Hierarchical Archive allows multi-level archiving to be implemented in Zoom. An asset can independently move between different tiers of the hierarchy as configured for the system. You need to set up a Hub Server for this to work. The Hub manages the jobs that move assets between tiers and provides reports for the admin users.

 

From Zoom 7.3 onwards, the framework for setting up Hierarchical Archive is installed with Zoom.
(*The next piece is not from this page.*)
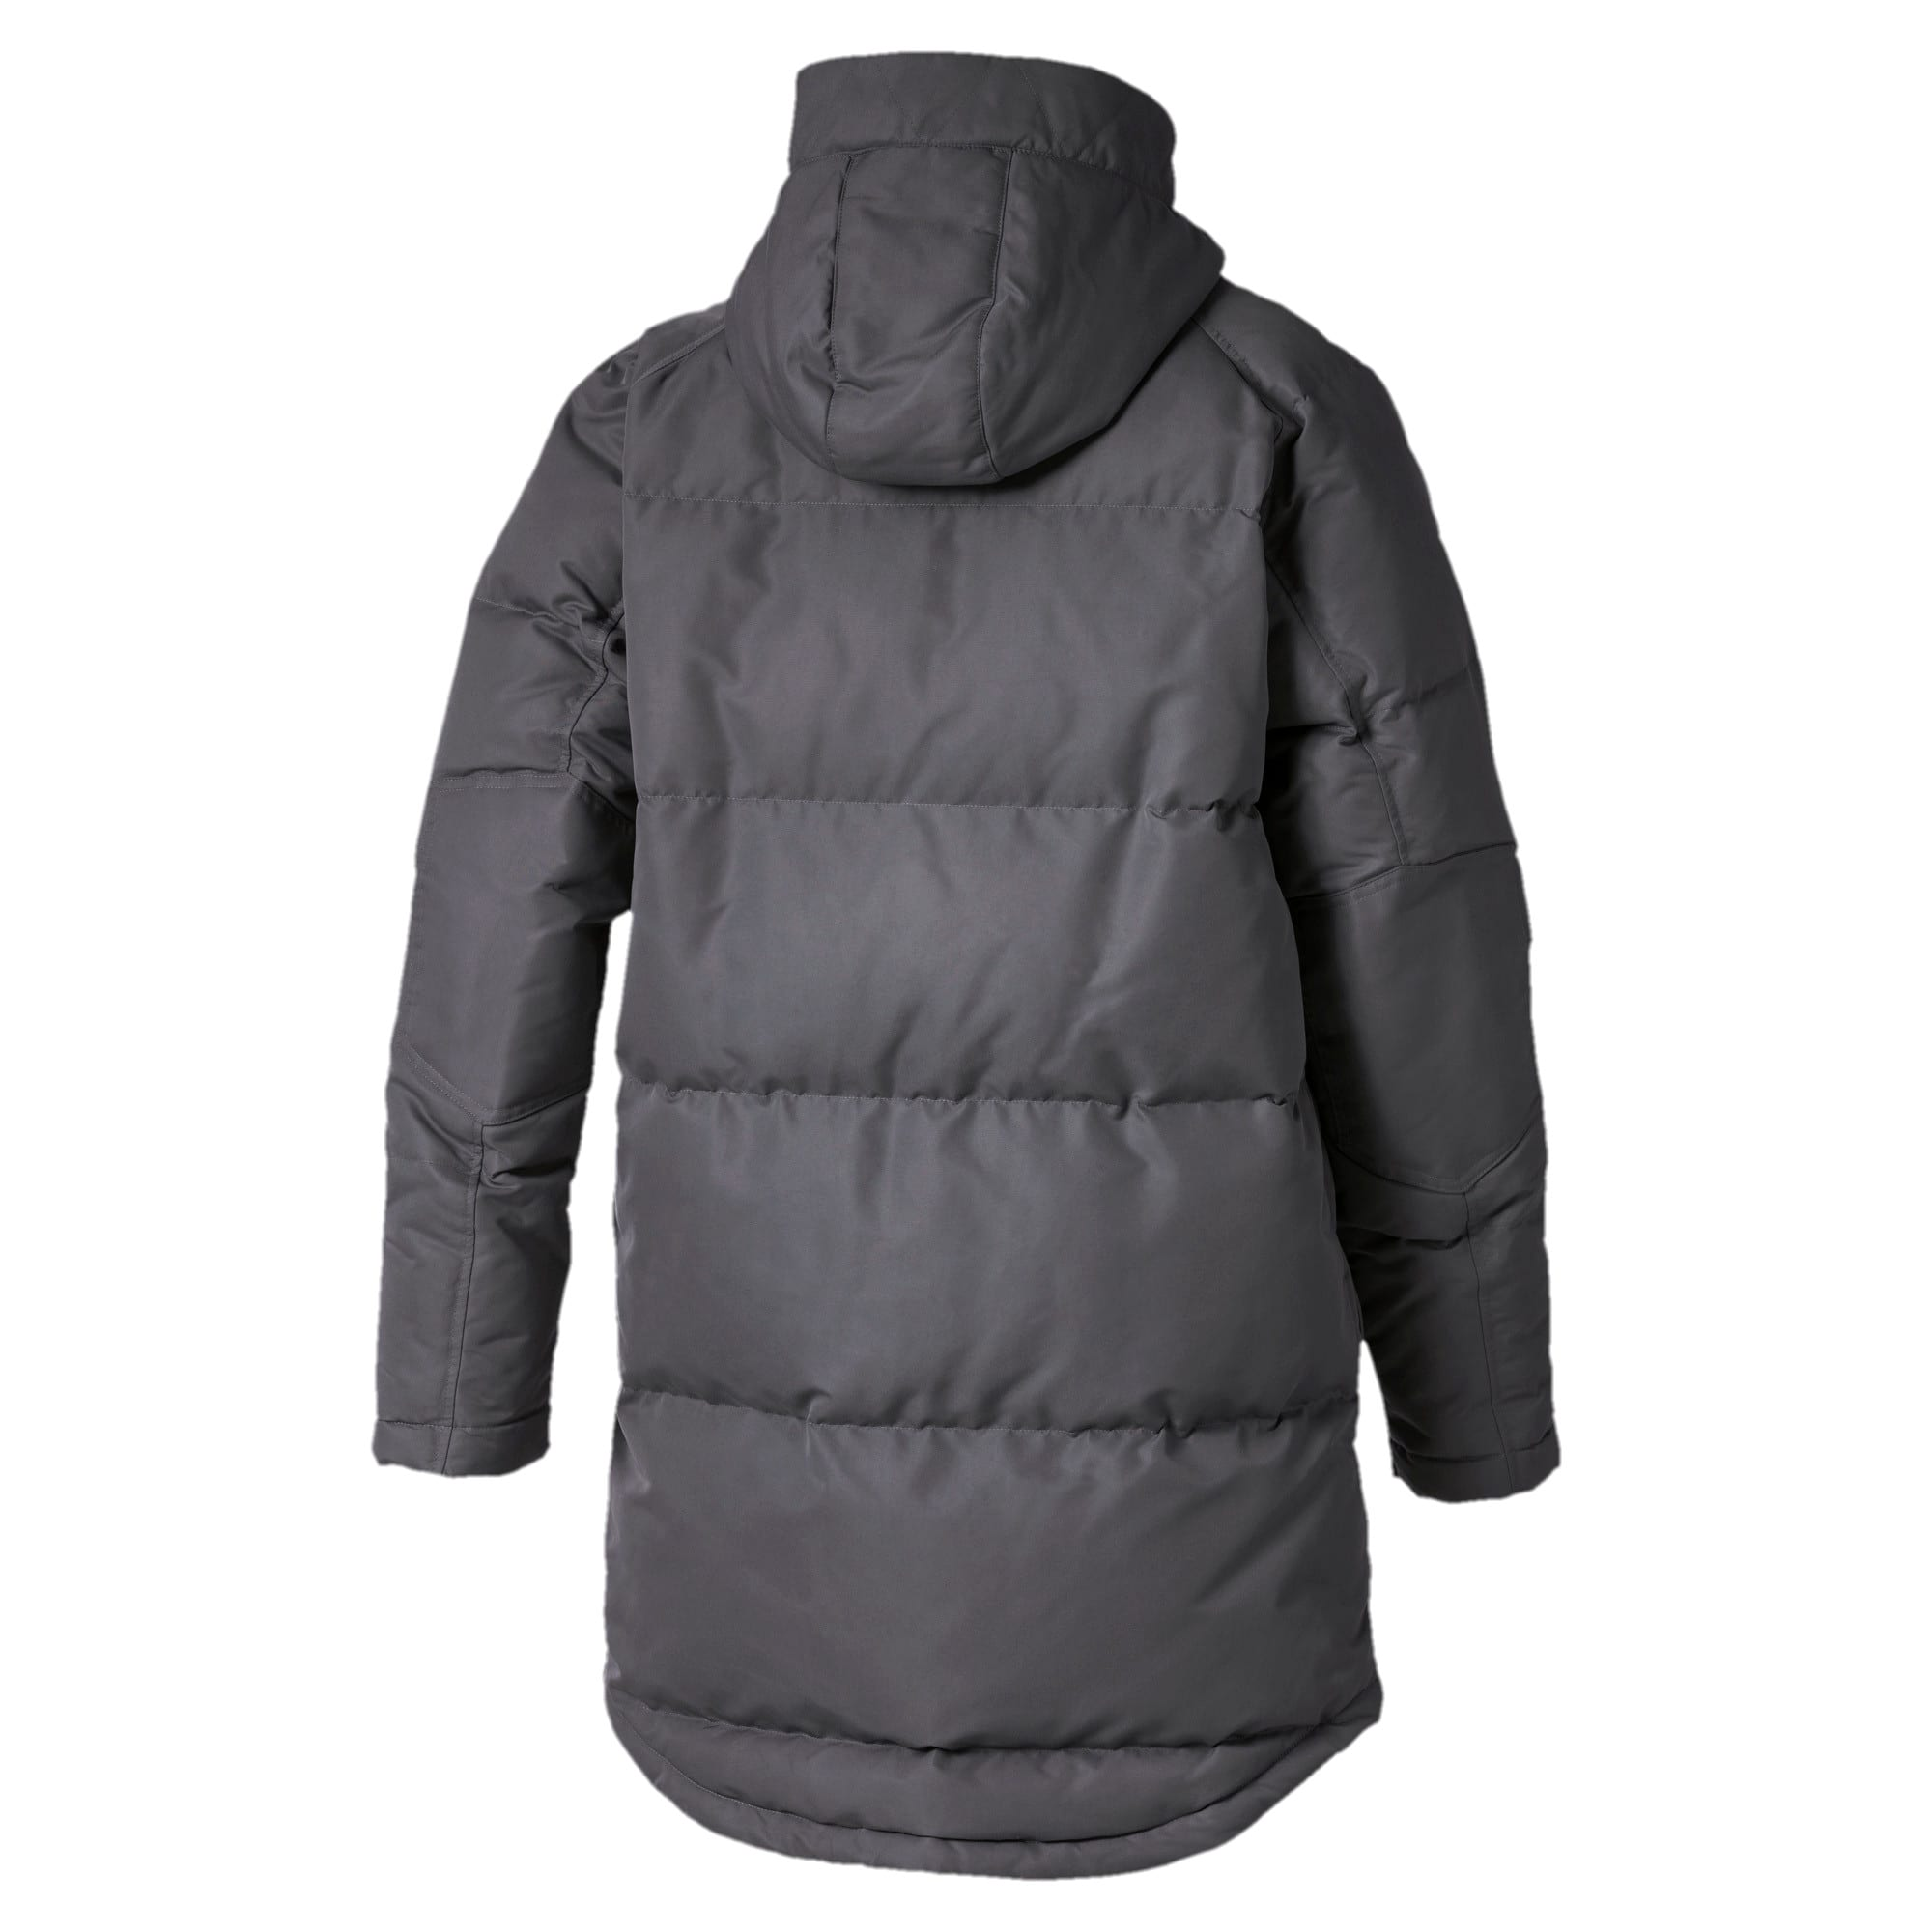 Thumbnail 5 of Oversize 500 Down Hooded Men's Jacket, CASTLEROCK, medium

It is ready to use after we enable the license, configure it in Zoom, and also set up a Hub Server to manage Hierarchical Archive jobs. After setting up the Hierarchical Archive, once an archive/restore job is triggered in Zoom, it runs independently of Zoom processes as it is managed by the Hub Server.

 

Once you evaluate and conclude that you need Hierarchical Archive with your Zoom setup, you need to begin by ensuring that these prerequisites are met:

  1. Ensure you have received an Archive and Hierarchical Archive license from Evolphin Sales.
  2. Designate a server machine inside your network as the Hub. This could also be on the existing Zoom Server or Preview Server machine. This machine also needs Java 8 or higher.
  3. Plan on having an exclusive Zoom user account for the Hub. One Zoom user account per Hub will be needed.
  4. Choose a machine to install SQL Server or use an existing SQL Server for job reporting.

 

After these prerequisites are met, follow on to set up Hierarchical Archive:

 

While enabling Hierarchical Archive we need to also enable Basic Archive on Zoom, if it is not already done. Follow these steps to enable Basic and Hierarchical Archive:

  1. Open the Web Management Console for your Zoom Server.
    ex. http://localhost:8443 or http://<zoomserver>:8443
  2. Log in using your admin credentials.
  3. In the Admin Menu sidebar, click Server Control Panel under the System node.
  4. Click Archive Management on the Server Control Panel page.

  5. Click Enable Archive to enable it.
  6. Specify a local path on the Zoom Server as the Archive Location.
    If using an external archive module, like SGL or S3, the archived files are moved to the external archive systems from this path. 
    Ex. E:\zoom\archive\ or /mnt/Archive on the Zoom MAM Server.
  7. If you are not setting up External Archive with scripts then pre- and post- scripts for archive and restore are optional. You can still set up scripts here to execute before and after the archive/restore operations as needed.
  8. If you are setting up External Archive with scripts, then you need these script files:
    1. Specify the path for Pre-script for Archive from the location where the script installer placed the script files (as described here). For example, if you had specified /home/evolphin as the root path for the script installer, then the path will be /home/evolphin/zoom-deploy/ArchivePreHook/archive-hook.pl.
    2. Similarly, specify the path for Pre-script for Restore from the location of the restore pre-script in the script files on Zoom MAM Server. For example, as per the above example, this path will be /home/evolphin/zoom-deploy/RestorePreHook/restore-hook.pl.
  9. Update Limit on Arguments on Command-line to be 0. This is needed to remove the limit on the number of asset IDs passed in a Zoom command while using archiving.
  10. Click Show Additional Options for Archive / Restore to enable it. This allows Zoom to show Hierarchical Archive options while choosing archive/restore for any asset in the Asset Browser.
  11. Click Save.
  12. You will be prompted to restart the server. Click Yes.
  13. Refresh your web browser.

 

Zoom stores Hub configuration to connect with a Hub Server. These configuration values should be added to Zoom before installing the Hub Server.

Log in to the Web Management Console and click the Hub Settings Panel under the System node in the Admin Menu sidebar.

 

On the Hub Settings Panel, click Add Hub and specify a name for the new Hub. Click Add.

You can also select an existing hub from the list and its settings are loaded in the Hub Settings Panel. When a Hub is selected in the Hub box, click Delete to delete that Hub. Select Yes to confirm the deletion.
For Zoom 7.3, while using multiple Hubs in a multi-location Zoom setup, when you want a Hub to only work for one location then you should name the Hub as that location.


Update the basic connectivity details for the hub, like Host and Port settings. For location-specific settings, also specify the location where the Hub should work.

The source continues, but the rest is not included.